La condition qui règle les changements est qu'ils sont d'autant plus grands, que plus grande est la distance au centre d'origine, ou, plus exactement, que les modifications se caractérisent d'autant plus, que le lieu de transplantation diffère plus du lieu de naissance. Ai-je besoin d'ajouter que cela ne s'entend que du temps de formation des langues, et du moment où les éléments qui les constituent peuvent se conformer, comme une cire docile, aux empreintes permanentes? Ce n'est pas quand une langue littéraire est armée de toute son autorité, que ces phénomènes se produisent; dans ce cas, elle fait reculer les patois, elle efface les dialectes, elle impose la règle et l'uniformité, et, abritée, comme l'homme lui-même dans les murs de ses villes, contre les influences du climat, elle n'est plus sujette qu'à celles des siècles. Les siècles, à leur tour, qui sont dans le temps ce que sont les climats dans l'espace, modifient peu à peu les hommes, et, par les hommes, la langue, qui glisse insensiblement sur la pente du changement. Mais, s'il arrive que la force cohésive d'une langue littéraire se relâche, alors la propriété de reproduction qui appartient à tout ce qui a vie se manifeste, et de nouveaux idiomes apparaissent. Ainsi, les barbares étant intervenus, et Rome mise hors de cause, il se forma des centres qui eurent chacun son dialecte; et le latin, relégué parmi les savants, ne put tenir contre les influences locales. Ainsi, l'anglo-saxon, dédaigné par la caste conquérante, qui parlait français, perdit son rang, et la place, devenue vacante, fut occupée par l'anglais moderne. Ainsi, l'ancien français (car il y a là un phénomène de même genre, et l'existence des cas le sépare visiblement du langage moderne), l'ancien français, quand les poésies qui en avaient fait la gloire cessèrent de plaire, s'éclipsa dans le passage du xiv au xv° siècle, et céda, avec ses dialectes, devant une langue littéraire que toutes les circonstances sociales poussaient vers l'unité et l'empire.

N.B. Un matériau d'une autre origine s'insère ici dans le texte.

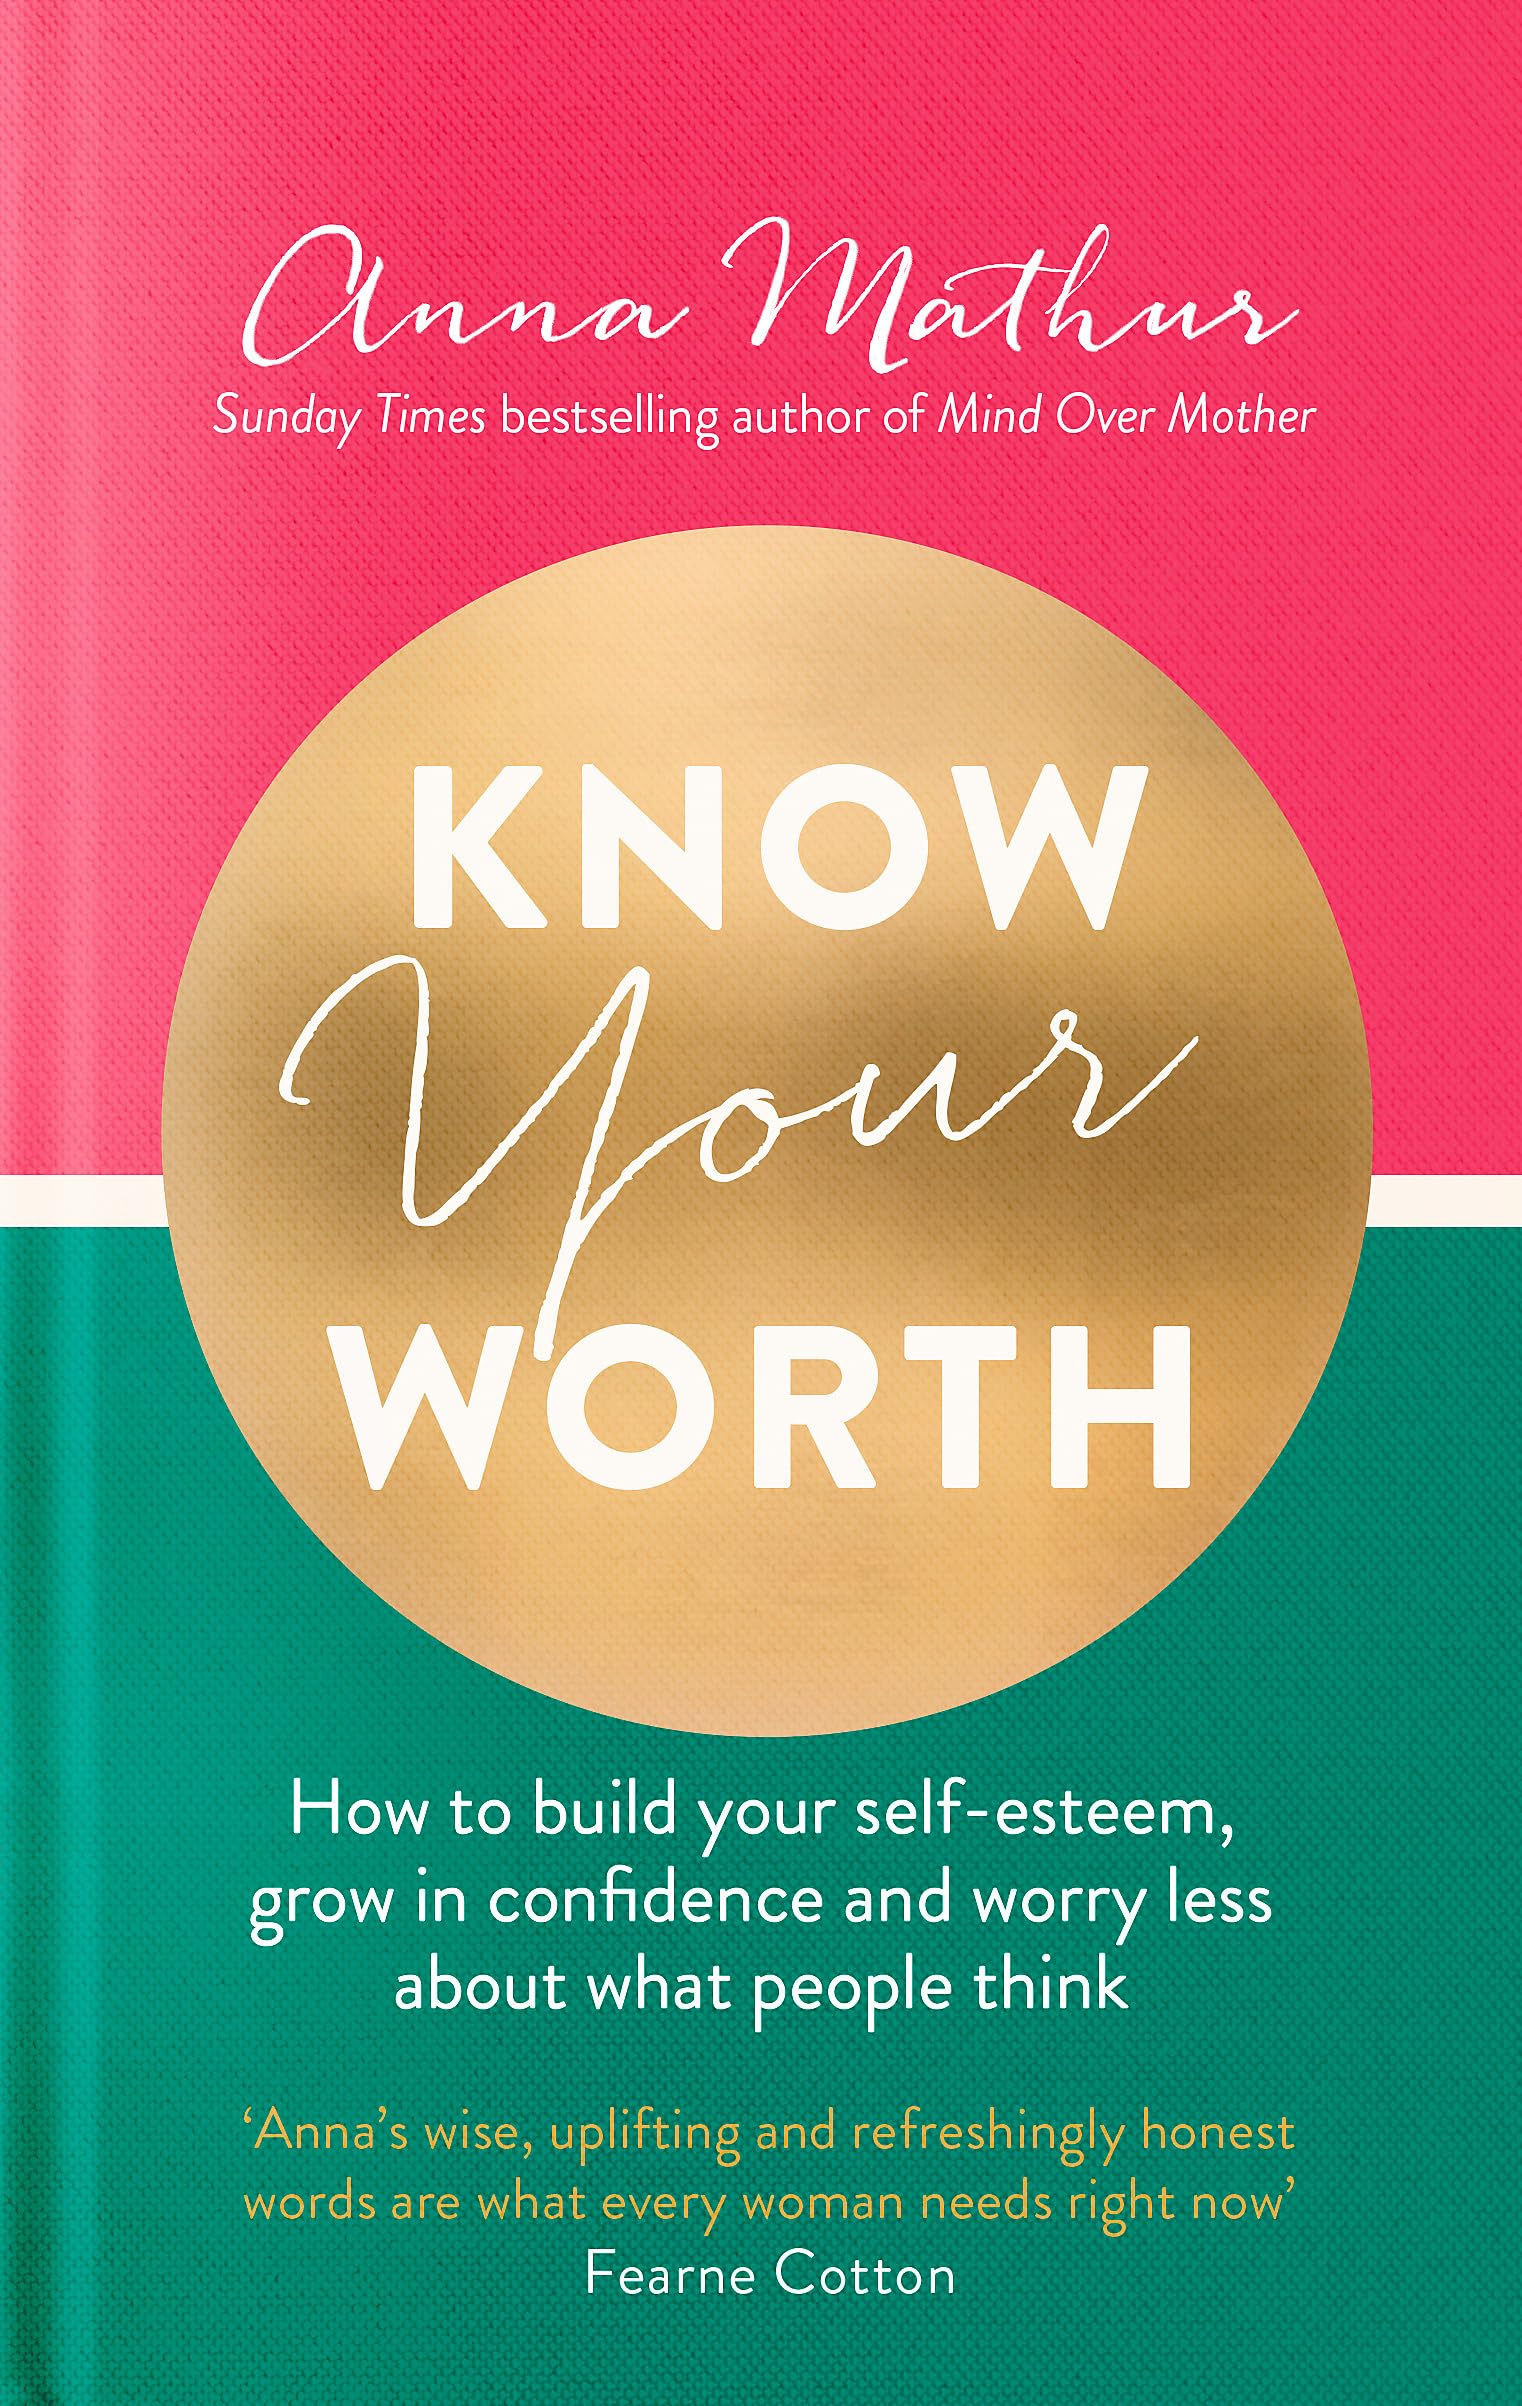 Know Your Worth book cover | books about self-worth

Ces considérations, très-générales, ne seraient rien, si elles n'étaient fondées sur des considérations très-particulières, du genre de celles de celles que fournit l'examen du rapport entre un mot du pays wallon et un mot du pays du Berry. Ici la recherche doit être minutieuse pour être fructueuse; in tenui labor.

On connaît ces vers de La Fontaine :

L'autre exemple est tiré d'animaux plus petits.
Le long d'un clair ruisseau buvait une colombe,
Quand sur l'eau se penchant une fourmis y tombe,
Et dans cet océan l'on eût vu la fourmis
S'efforcer, mais en vain, de regagner la rive.

Deux fois fourmi, au singulier, y est écrit avec une s. C'est une licence sans doute, mais il ne faut pas croire que, sans autorité d'aucune espèce, La Fontaine ait recouru à un changement arbitraire pour éviter une rencontre de deux voyelles, ou donner l'exactitude à une rime. Il n'a fait que se servir d'une ancienne forme qui lui a été commode, mais qui existait avant dui. L's, qu'il mettait ainsi suivant l'occasion, n'avait pour lui d'autre raison d'être que la facilité qu'elle lui procurait; il n'en connaissait pas la cause grammaticale. Cette cause est connue : fourmi, dans l'ancien français, était du masculin, et, comme tel, il faisait au sujet li fourmis, et, au régime, le fourmi. La Fontaine ne lisait pas les textes du xi siècle, mais il lisait ceux du xvio; et il y a certainement trouvé parfois fourmi avec une s, quand on ne savait plus si cette lettre appartenait ou non à l'orthographe propre du mot. C'est par une fluctuation de ce genre que nous écrivons un fils (de filius), un lacs (de laqueus), un legs (de legatum), I's du sujet antique étant restée, par erreur, agglutinée au thème, qui jadis ne la recevait que suivant la déclinaison. Formi, fourmi, fromi, dans le patois berrichon, est masculin aussi comme l'ancien français; et tous deux, ne pouvant venir de formica, supposent un bas latin formicus. Mais, à ce propos, remarquez les hésitations et les transactions incohérentes de la langue littéraire. D'une part, elle a repris le féminin, qui lui a été suggéré sans doute par quelque dialecte; car je dirai tout à l'heure que des patois ont conservé ce genre, qui est plus vrai, puisque c'est celui du latin; d'autre part, au lieu d'adopter une terminaison féminine, elle a gardé la terminaison masculine. En effet, ou il faut dire, comme l'ancien français et quelques patois, un fourmi; ou il faudrait dire une fourmie. C'est ce qu'a fait le wallon sous la forme qui lui est propre: fourmihe. De sorte que le wallon n'a pas connu le bas latin formicus, qui a prévalu dans d'autres provinces, et il ne s'est servi que de formica. C'est ainsi qu'une s dans un vers de La Fontaine a mis en présence les règles de la langue, sa déclinaison, quelques-uns de ses patois et même les formes primordiales qui se sont produites quand le latin, s'altérant, passait au français.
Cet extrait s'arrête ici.